Dear Financial Voice Reader,

Wednesday 10th April 2019 06:15 EDT

I have been obsessing over my pension and my son’s savings account. Why? Well all the adverts to use the tax allowances before the end of the tax year is one reason, but also because I’ve been lucky in my life to have some huge opportunities to make fortunes. And some opportunities I’ve missed and other’s I’ve taken.

A big miss was staying in the US in the mid-90s when working in Congress and investing in Silicon Valley stocks. But I want to use my expertise for my son, because I know when people talk about wealth, it’s two main sources (excluding inheritance and business, the former is out of your hands and the latter results in many failures and chance).

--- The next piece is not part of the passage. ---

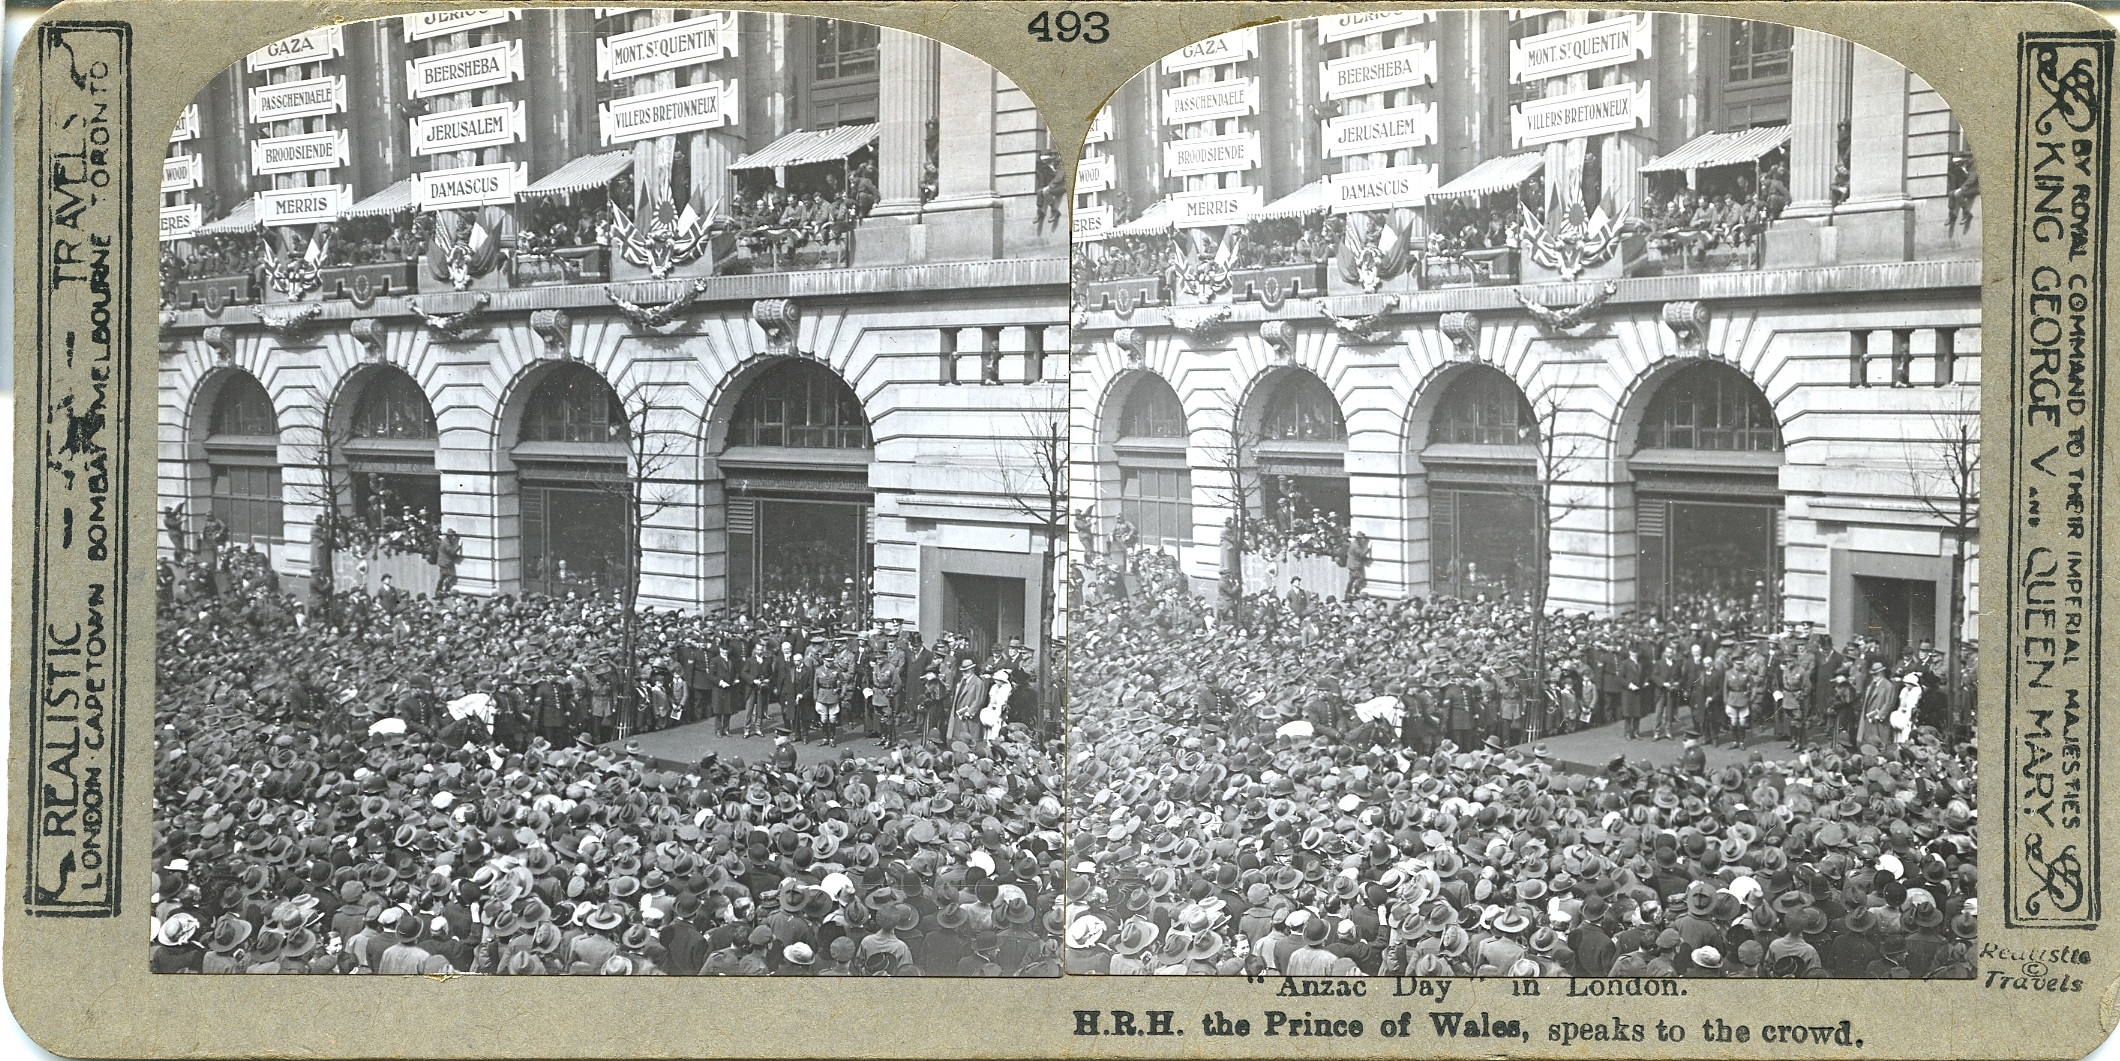 H.R.H. The Prince of Wales addressing a huge crowd on Anzac day outside Australia House

Those sources are property and stocks. In the UK it was largely property investments. My wife would tell me about people in Hounslow and Southall in West London, barely able to speak English who would be wealthier from their investments in property with their minimum wage work at Heathrow airport, than most professionals she knew at Deutsche Bank. High income poverty is a real thing in London; as people earn more, they spend more.

In America, the story of shares would often be the reason for ridiculous wealth. I am no property guru but I am a world authority on investing (don’t mean to brag, but international bestsellers and TV programmes and Oxford fellowships don’t go to clueless people).

So I want to use this for my son. And this is what I did for his first birthday. Firstly, I used a tax efficient savings account. In the UK that is an ISA and a SIPP (there are junior versions of both).

I then, using my know-how researched using online tools and software I’ve created companies which have performed well over good and bad economic cycles and weighing more heavily performance over the past few years. I wanted companies preferably paying a dividend, as they would always have shareholders who would prop up the demand for those shares and so the share price for that reason alone. And I wanted the value of the companies, despite good performance to remain cheap compared to other counties.

To me this means, when I am buying a share, I am buying future income streams and so I wanted to pay as little as possible for that. And the best measure of future income, is profits. So I want to pay no more than 20 times for each $ of profit.

The names I came down on, to add to my previous holdings in Google, Facebook, Amazon, Apple were: AES, Globant, Veeva Systems, HCA, Waters, Autozone, Chegg, Intuit, Cisco, Yum China.

I want my son to have these for 18 more years. So they had to be good. From all my research they are.